Re: Removing documentation for old Beam versions

2018-08-02 Thread Thomas Weise
+1 for removing pre 2.0 documentation (as well as the entries from
https://beam.apache.org/get-started/downloads/)

Isn't it part of the beam-site changes that we will no longer check in
generated documentation into the repository? Those can be generated and
deployed independently (when a commit to a branch occurs), such as done in
the Apex and Flink projects.

I was told that Scott who was working in the beam-site changes is on leave
now and the migration is still pending (see note at
https://github.com/apache/beam/tree/master/website). Is anyone else going
to pick it up?

Thanks,
Thomas


On Thu, Aug 2, 2018 at 12:33 PM Pablo Estrada  wrote:

> Is it worth adding a tag / branch to the repositories every time we make a
> release, so that people are able to dive in and find the docs?
> Best
> -P.
>
> On Thu, Aug 2, 2018 at 12:09 PM Ahmet Altay  wrote:
>
>> I would guess that users are still using some of these old releases. It
>> is unclear from Beam website which releases are still supported or not. It
>> probably makes sense to drop documentation for releases < 2.0. (I would
>> suggest keeping docs for 2.0). For the future I can work on updating the
>> Beam website to clarify the state of each release.
>>
>> On Thu, Aug 2, 2018 at 12:06 PM, Udi Meiri  wrote:
>>
>>> The older docs are not directly linked to and are in Github commit
>>> history.
>>>
>>> If there are no objections I'm going to delete javadocs and pydocs for
>>> releases older than 1 year,
>>> meaning 2.0.0 and older (going by the dates here
>>> ).
>>>
>>> On Thu, Aug 2, 2018 at 11:51 AM Daniel Oliveira 
>>> wrote:
>>>
 The older docs should be recorded in the commit history of the website
 repository, right? If they're not currently used in the website and they're
 in the commit history then I don't see a reason to save them.

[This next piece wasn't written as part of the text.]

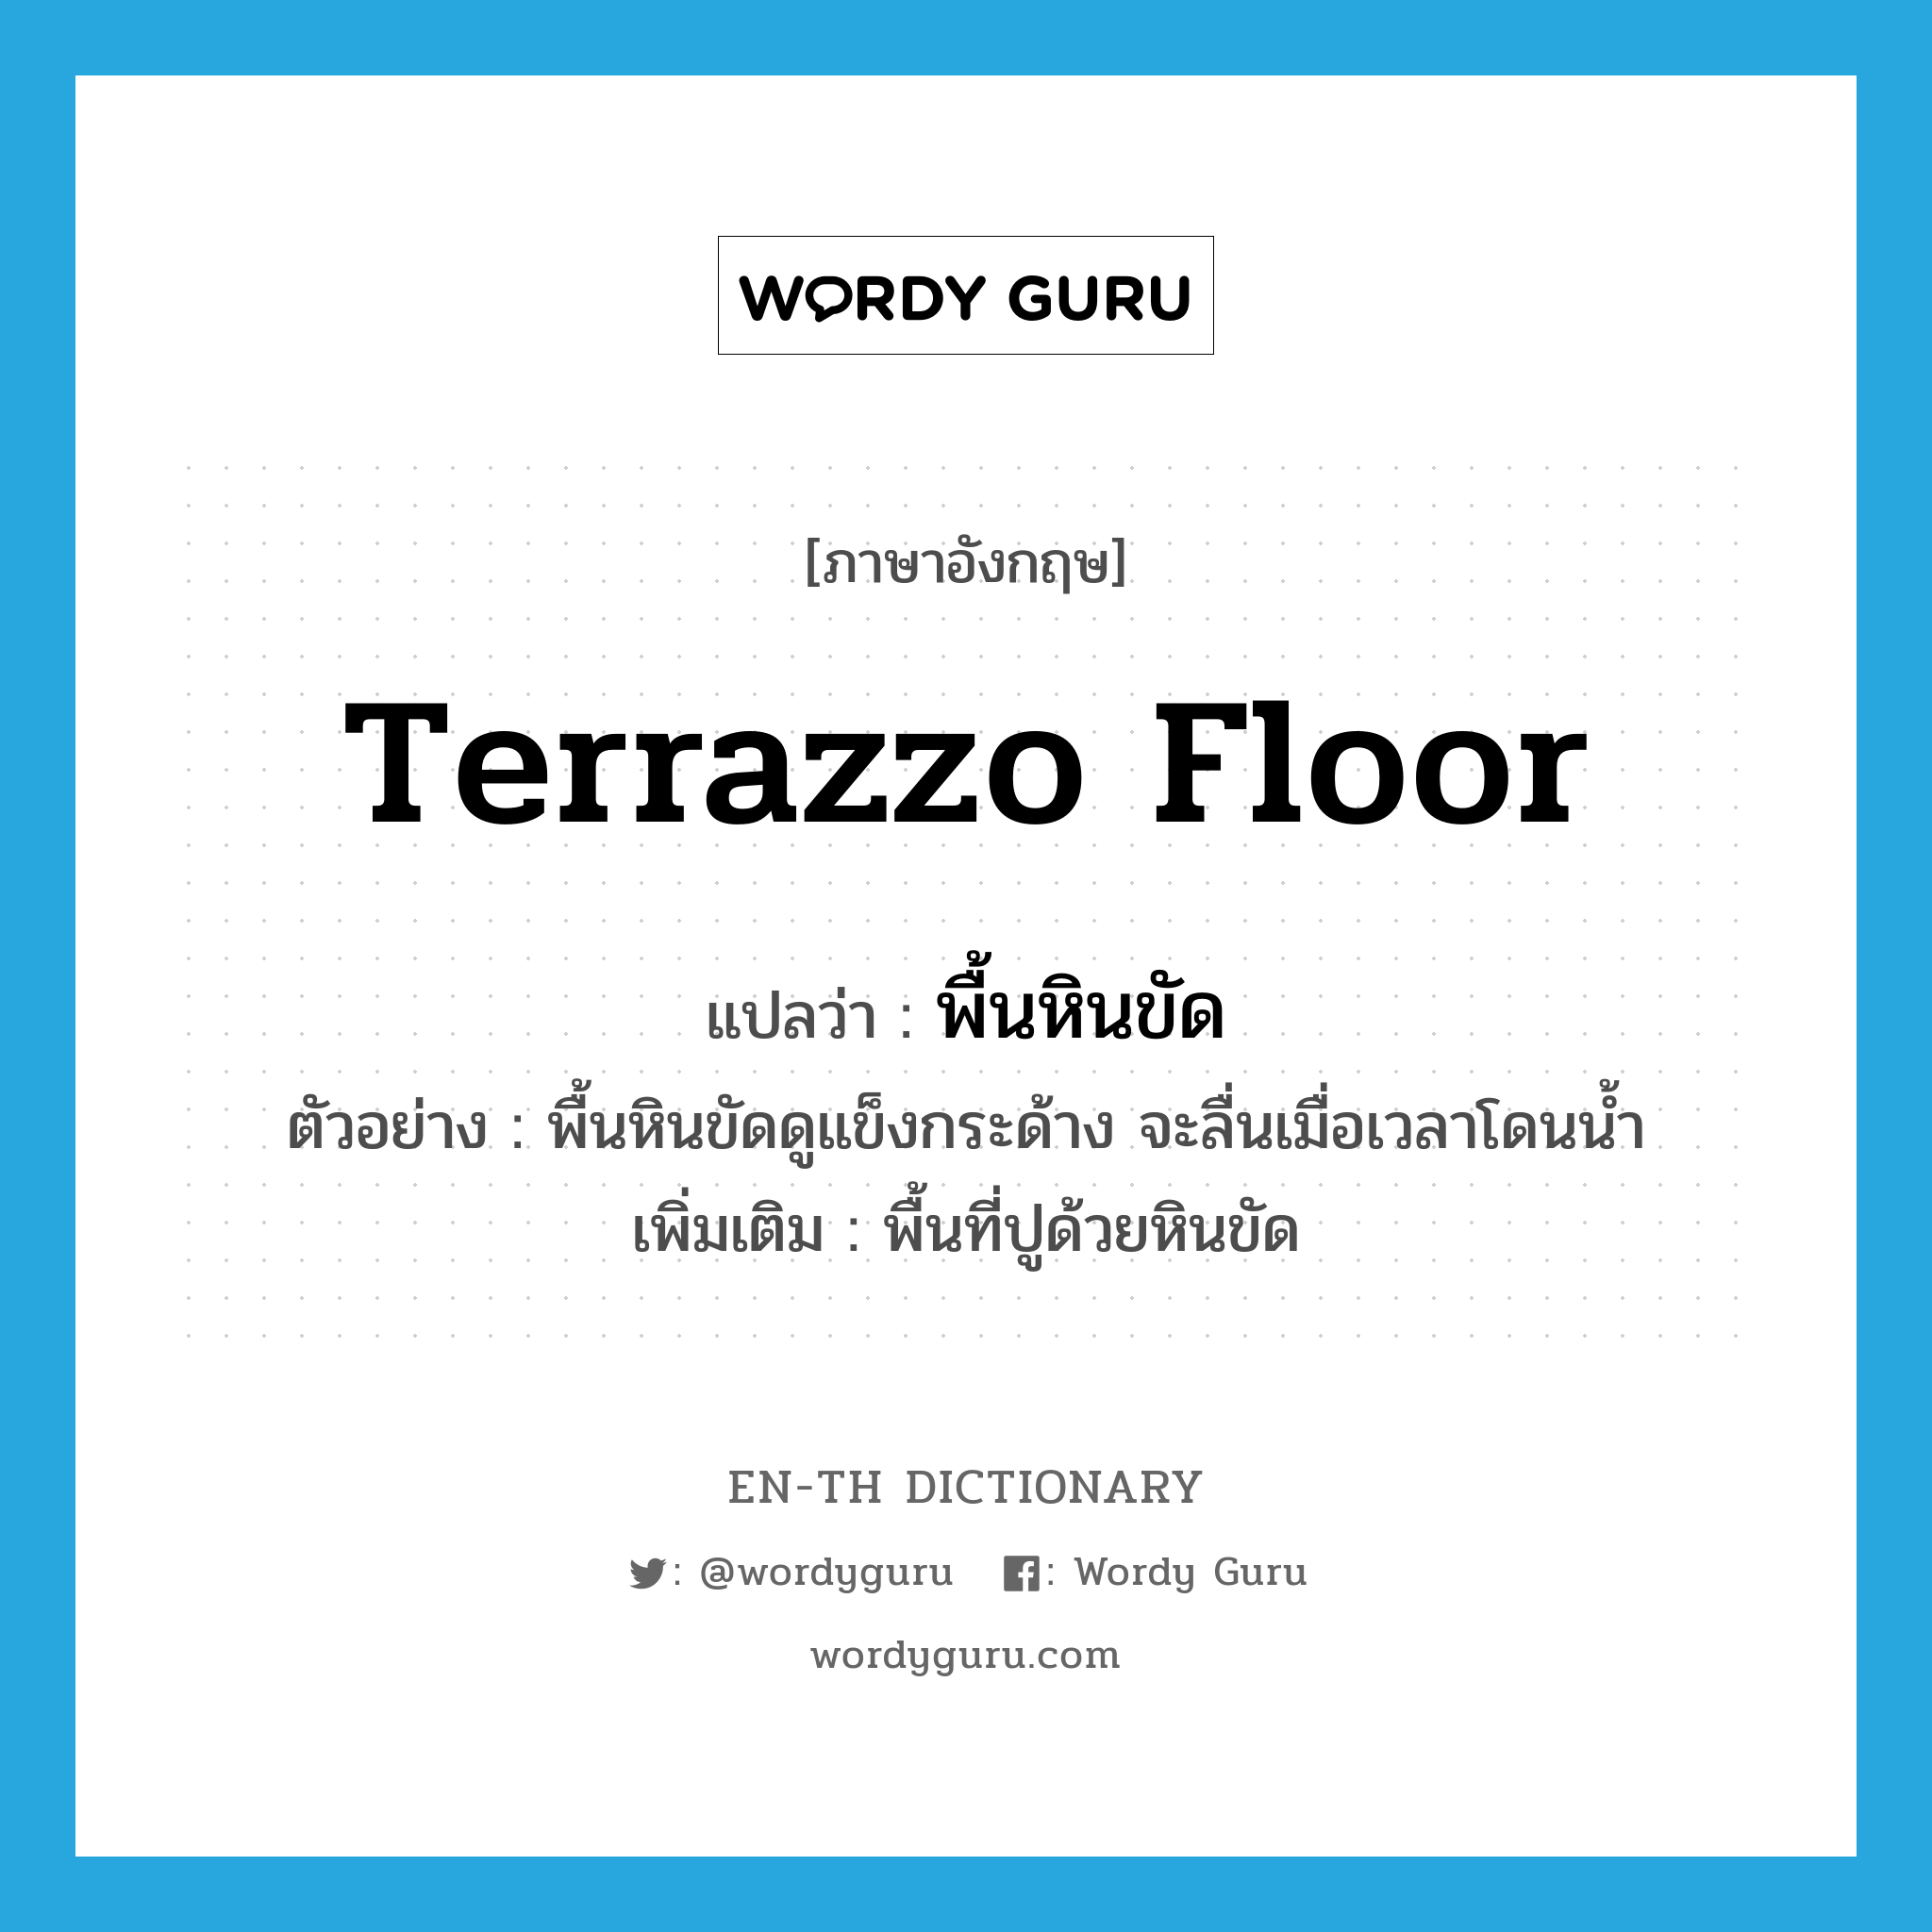 terrazzo floor แปลว่า?, คำศัพท์ภาษาอังกฤษ terrazzo floor แปลว่า พื้นหินขัด ประเภท N ตัวอย่าง พื้นหินขัดดูแข็งกระด้าง จะลื่นเมื่อเวลาโดนน้ำ เพิ่มเติม พื้นที่ปูด้วยหินขัด หมวด N

 On Tue, Jul 31, 2018 at 1:51 PM Udi Meiri  wrote:

> Hi all,
> I'm writing a PR for apache/beam-site and beam_PreCommit_Website_Stage
> is timing out after 100 minutes, because it's trying to deletes 22k files
> and then copy 22k files (warning large file
> 
> ).
>
> It seems that we could save a lot of time by deleting the older
> javadoc and pydoc files for older versions. Is there a good reason to keep
> around this kind of documentation for older versions (say 1 year back)?
>

>> --
> Got feedback? go/pabloem-feedback
>


Re: Removing documentation for old Beam versions

2018-08-02 Thread Pablo Estrada
Is it worth adding a tag / branch to the repositories every time we make a
release, so that people are able to dive in and find the docs?
Best
-P.

On Thu, Aug 2, 2018 at 12:09 PM Ahmet Altay  wrote:

> I would guess that users are still using some of these old releases. It is
> unclear from Beam website which releases are still supported or not. It
> probably makes sense to drop documentation for releases < 2.0. (I would
> suggest keeping docs for 2.0). For the future I can work on updating the
> Beam website to clarify the state of each release.
>
> On Thu, Aug 2, 2018 at 12:06 PM, Udi Meiri  wrote:
>
>> The older docs are not directly linked to and are in Github commit
>> history.
>>
>> If there are no objections I'm going to delete javadocs and pydocs for
>> releases older than 1 year,
>> meaning 2.0.0 and older (going by the dates here
>> ).
>>
>> On Thu, Aug 2, 2018 at 11:51 AM Daniel Oliveira 
>> wrote:
>>
>>> The older docs should be recorded in the commit history of the website
>>> repository, right? If they're not currently used in the website and they're
>>> in the commit history then I don't see a reason to save them.
>>>
>>> On Tue, Jul 31, 2018 at 1:51 PM Udi Meiri  wrote:
>>>
 Hi all,
 I'm writing a PR for apache/beam-site and beam_PreCommit_Website_Stage
 is timing out after 100 minutes, because it's trying to deletes 22k files
 and then copy 22k files (warning large file
 
 ).

 It seems that we could save a lot of time by deleting the older javadoc
 and pydoc files for older versions. Is there a good reason to keep around
 this kind of documentation for older versions (say 1 year back)?

>>>
> --
Got feedback? go/pabloem-feedback


Re: Removing documentation for old Beam versions

2018-08-02 Thread Ahmet Altay
I would guess that users are still using some of these old releases. It is
unclear from Beam website which releases are still supported or not. It
probably makes sense to drop documentation for releases < 2.0. (I would
suggest keeping docs for 2.0). For the future I can work on updating the
Beam website to clarify the state of each release.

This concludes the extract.